Quel gâchis ! Quelle perte de temps et d’argent !

Les voilà partis de nouveau. Chaque année, c’est la même litanie, le même train qui se met en branle, la même comédie. Depuis trois semaines, ma boîte mails, comme ma boîte aux lettres d’ailleurs, ne cessent de recevoir des invitations pontifiantes sur le thème aussi excité qu’éculé, les primeurs. Un air de déjà-vu, du genre : « Venez, venez ! Vous allez vous régaler, c’est super ! Châteaux chics et bouteilles chocs, occasion unique, buffet de rêve, dîner aux chandelles avec le proprio (mais oui mon pote), gigot haricots, coucher au château, palabres avec la baronne, blablabla… »

Comble de malheur, même les sans grades s’y mettent (voir ci-dessous). Et le phénomène, depuis quelques années, gagne les régions jusque-là épargnées. Mais quand, en France, les appellations viticoles cesseront-elles de se copier les unes aux autres ? Bigre, laissons la folie des primeurs aux classés et occupons nos ardeurs et notre argent – celui des vignerons – à des idées plus novatrices et moins bouffeuses de fric.

Avec mon éternel côté naïf du mec qui n’y connaît rien et ne pige que dal en markétinge, j’ai préparé une réponse toute faite pour mes chères copines attachées de presse qui m’adressent leurs invitations par mail, réponse déjà utilisée l’an dernier. Je vous la livre telle quelle :

«Bonjour. Et merci d’avoir pensé à moi. C’est l’occasion de vous redire que depuis 20 ans, je ne participe plus à la comédie des  primeurs.
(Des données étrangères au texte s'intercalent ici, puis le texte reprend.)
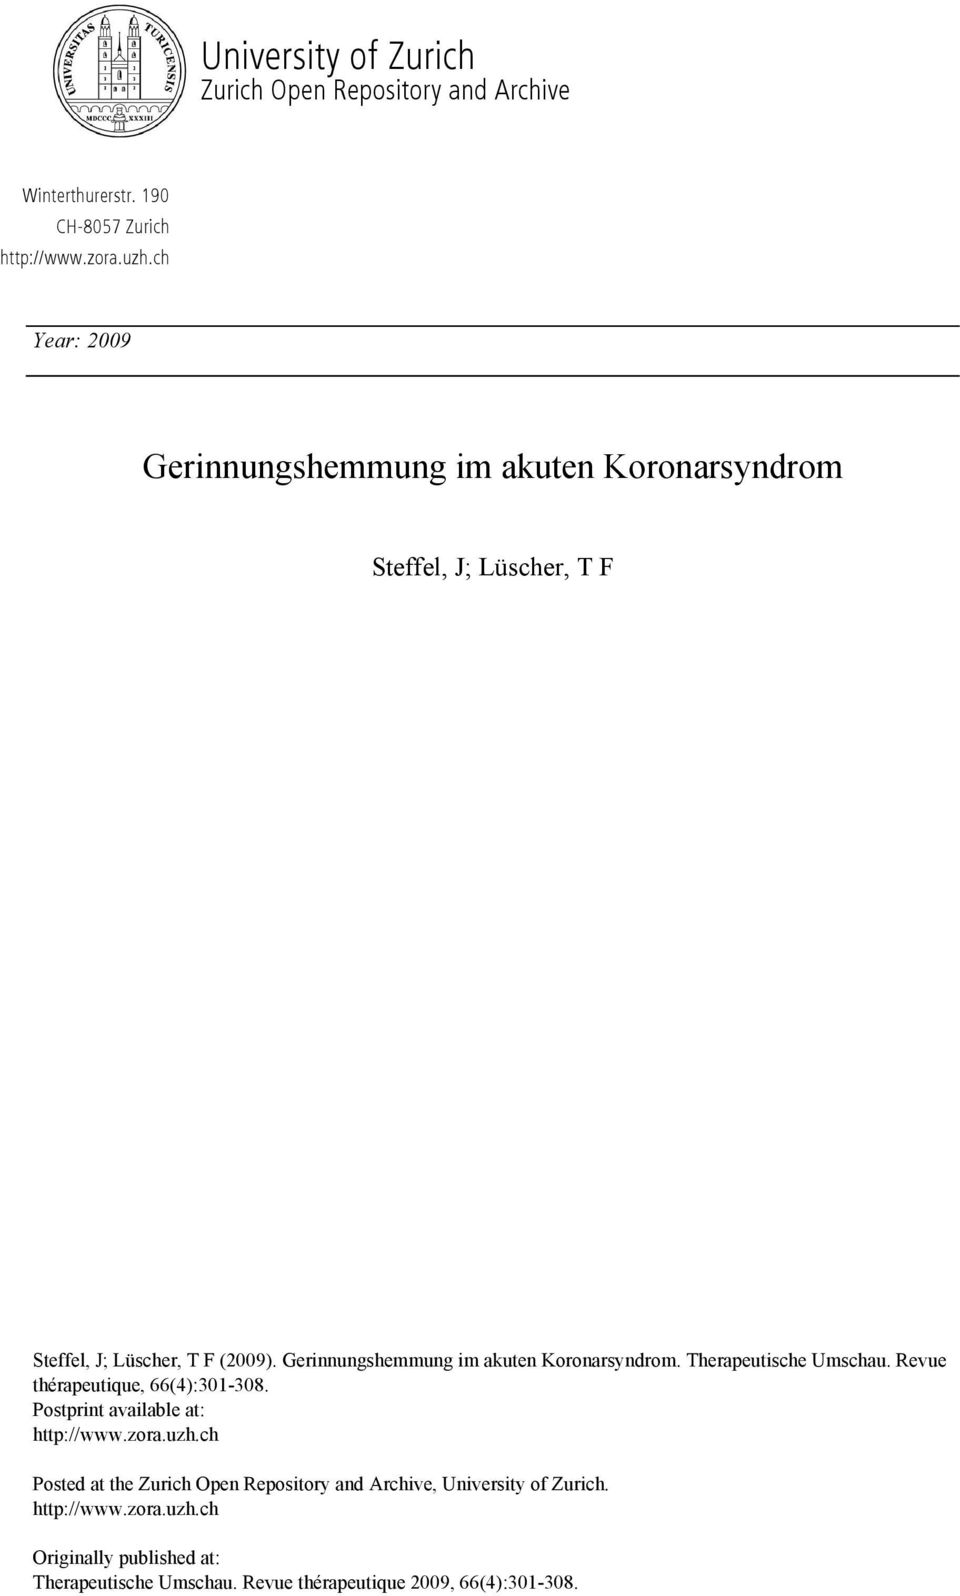 Gerinnungshemmung im akuten Koronarsyndrom. Therapeutische Umschau. Revue thérapeutique, 66(4):301-308. Postprint available at: http://www.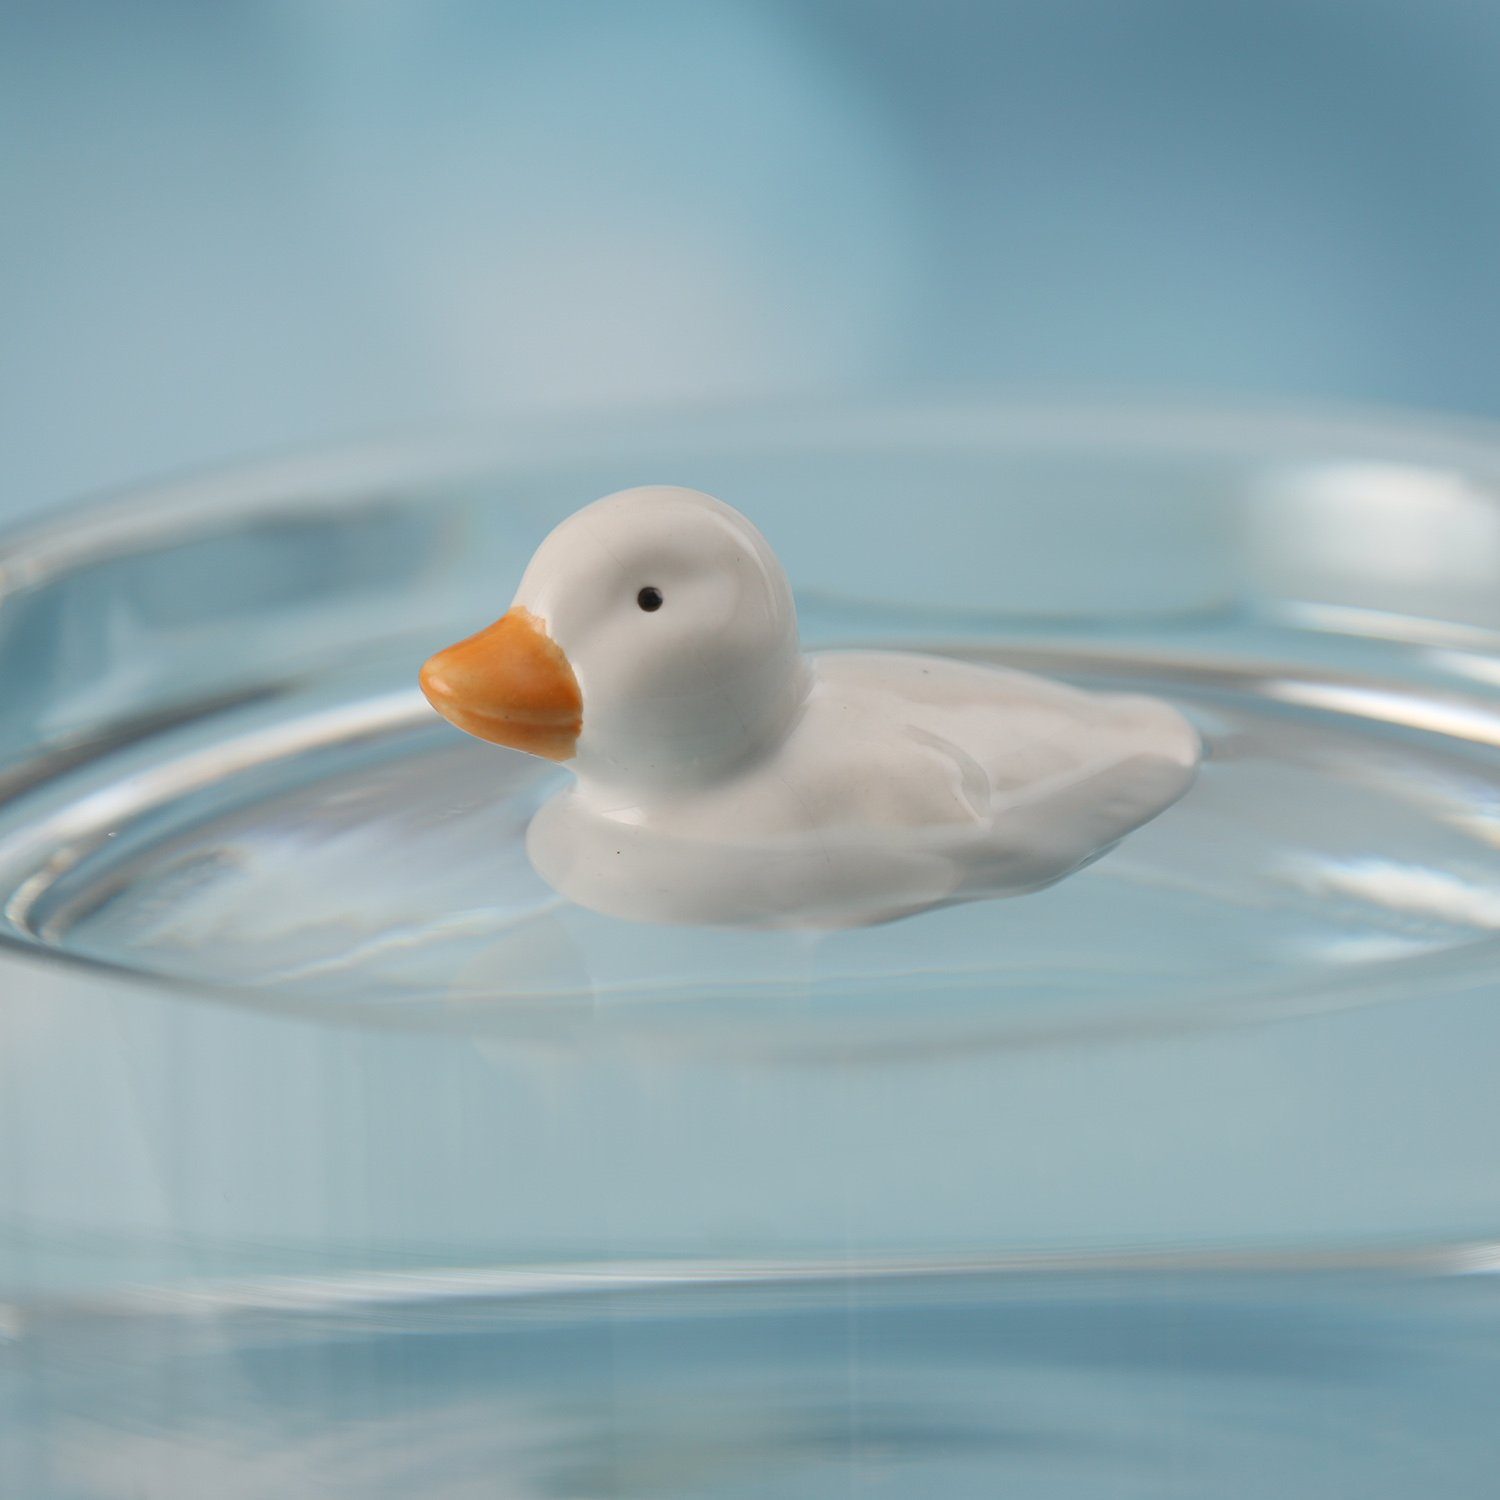 MARELIDA Tierfigur Teichdeko Ente Dekofigur schwimmend Porzellan weiß Dekoente L: 7cm (1 St)

Je préfère goûter les vins une fois mis en bouteilles, tels qu’ils se présentent au consommateur ».

Primeurs

Je n’ai jamais compris, quand bien même se nommerait-on Parker ou Bettane, comment un nez, aussi affûté soit-il, est en mesure, entre deux petits-fours, de se prononcer sur un vin qui est encore au berceau, même pas encore junior, à peine remis du choc de sa naissance. Je sais, je sais, les doctes nez précités – et les autres que j’ai oublié (mille excuses aux membres du Grand Jury) – sont capables de moult prouesses. Soit, je leur accorde ce don de sniffeurs parmi d’autres. Mais le plus grave dans cette histoire, c’est qu’on leur refile le plus souvent un assemblage bichonné, évidemment concocté à partir des meilleures barriques qui, à mon humble avis, n’est que le reflet bien lustré d’un hypothétique vin futur. Vin qu’il reste à élever, à éduquer, à mettre en bouteilles, à transporter.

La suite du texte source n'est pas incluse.